Unified Representation for Dual Geometries: Spheres handle the high-curvature cortical shell, while 3D grids handle the volume. Stitched by a single loss, this avoids the structural "serial-to-boundary" inconsistency found in CVS.

Limitations & Future Work¶

Authors' Admission: The differentiable framework cannot handle lesions that change topology (e.g., tumors); this requires lesion masking during training. Generalization to low-quality clinical scans or pediatric brains is unclear. Validated only on T1w modality (as only T1w reliably reconstructs the cortex).
Reliance on Preprocessing for Training: Cortical extraction and spherical inflation pipelines can fail on difficult scans; this can only be mitigated by discarding failed samples or using more robust learned extraction methods (no failures observed in this study's data).
Self-Observation: The ablation table shows consistency loss requires structural supervision to work, implying limited gains in purely unlabeled scenarios. Subcortical Dice on IXI was slightly lower than uGradICON-seg, indicating room for improvement in volume performance on certain out-of-domain data.
Extensible Directions: The consistency loss principle can be extended to any representation with a one-to-one mapping to the cortical mesh (not just spheres), or to other genus-0 topology structures like the hippocampus. It could also integrate with Deep Functional Maps for direct cortical registration on meshes.
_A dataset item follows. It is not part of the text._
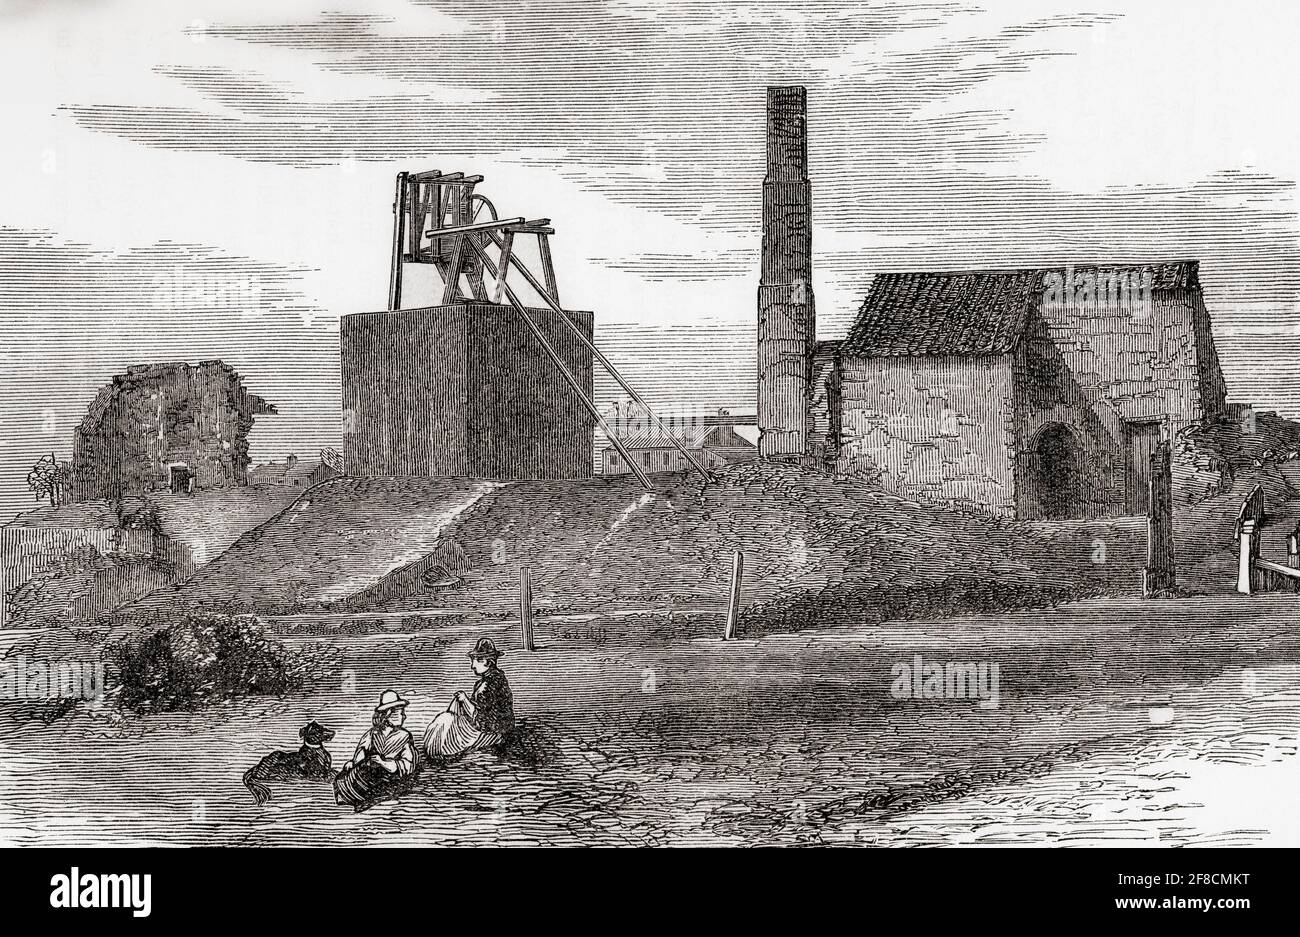 Killingworth Colliery, Newcastle upon Tyne, North Tyneside, England, hier die hohe Grube. George Stephenson, der in der Zeche einsetzte, baute hier seine erste Lokomotive Blücher. Von Great Engineers, veröffentlicht um 1890 Stockfoto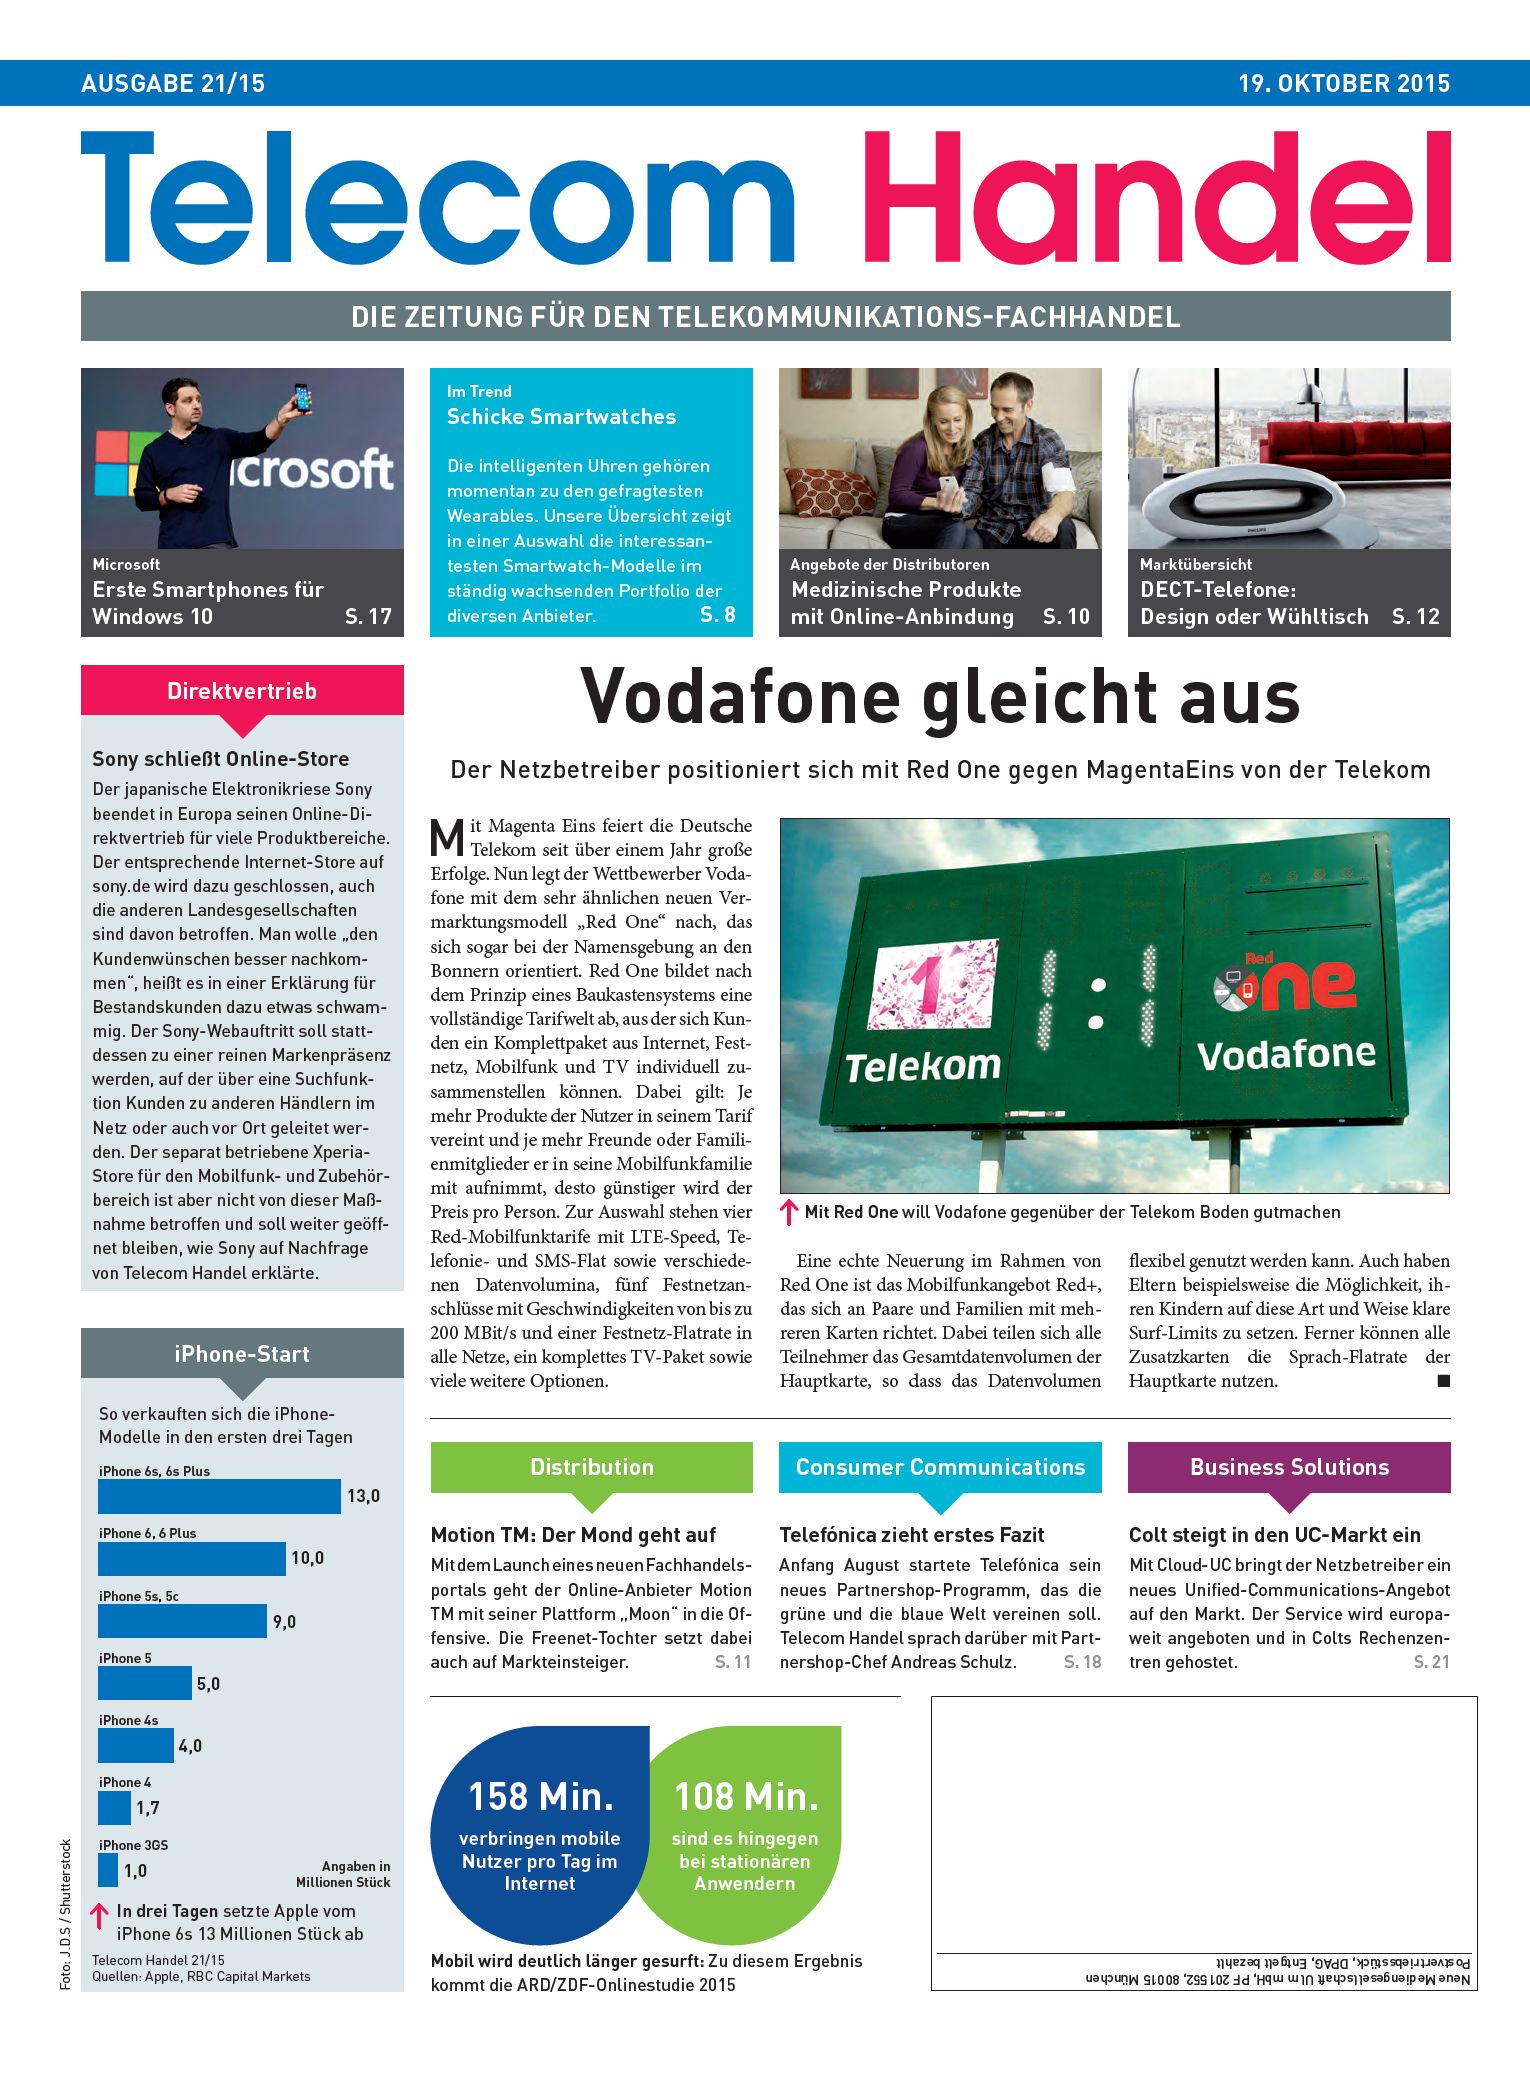 Telecom Handel Ausgabe 21/2015

vs CVS (Standard Joint Method): CVS performs spherical registration, extrapolates via elastic PDE, and then performs intensity refinement. This serial decoupling leads to boundary inconsistencies and takes 2.5 hours per pair. NeurAlign uses joint training + consistency loss, taking milliseconds, requiring no meshes at inference, and achieving much better cortical Dice (0.703 vs 0.535 on Mindboggle) and smoother fields.
vs Volume Learning (VoxelMorph / uGradICON / SynthMorph / FireANTs): These excel subcortically but struggle with the cortex (Euclidean space misassigns gyri). Even with segmentation supervision, cortical Dice remains low. NeurAlign addresses this via the spherical path, leading in cortical Dice while maintaining subcortical performance.
vs Spherical Registration (Zhao et al. 2D CNN / Icosahedral CNN): These only align the cortex and ignore volumetric structures. NeurAlign is the first to "embed" a spherical registration network into a unified volume-surface learning framework.

Rating¶

Novelty: ⭐⭐⭐⭐⭐ First to use a geometric consistency loss to jointly train spherical cortical registration and 3D volume registration, unifying two historically separate paradigms.
Experimental Thoroughness: ⭐⭐⭐⭐ 4 clinical datasets including OOD generalization, dual ablation of components and hyperparameters, and comparisons against strong baselines; however, limited to T1w.
Writing Quality: ⭐⭐⭐⭐⭐ Logical progression from continuous formulas to discrete implementation; clear explanation of the geometric intuition behind consistency loss.
Value: ⭐⭐⭐⭐⭐ Compressing multi-hour, preprocessing-heavy joint registration into a millisecond process requiring only an MRI is highly practical for large-scale neuroimaging research.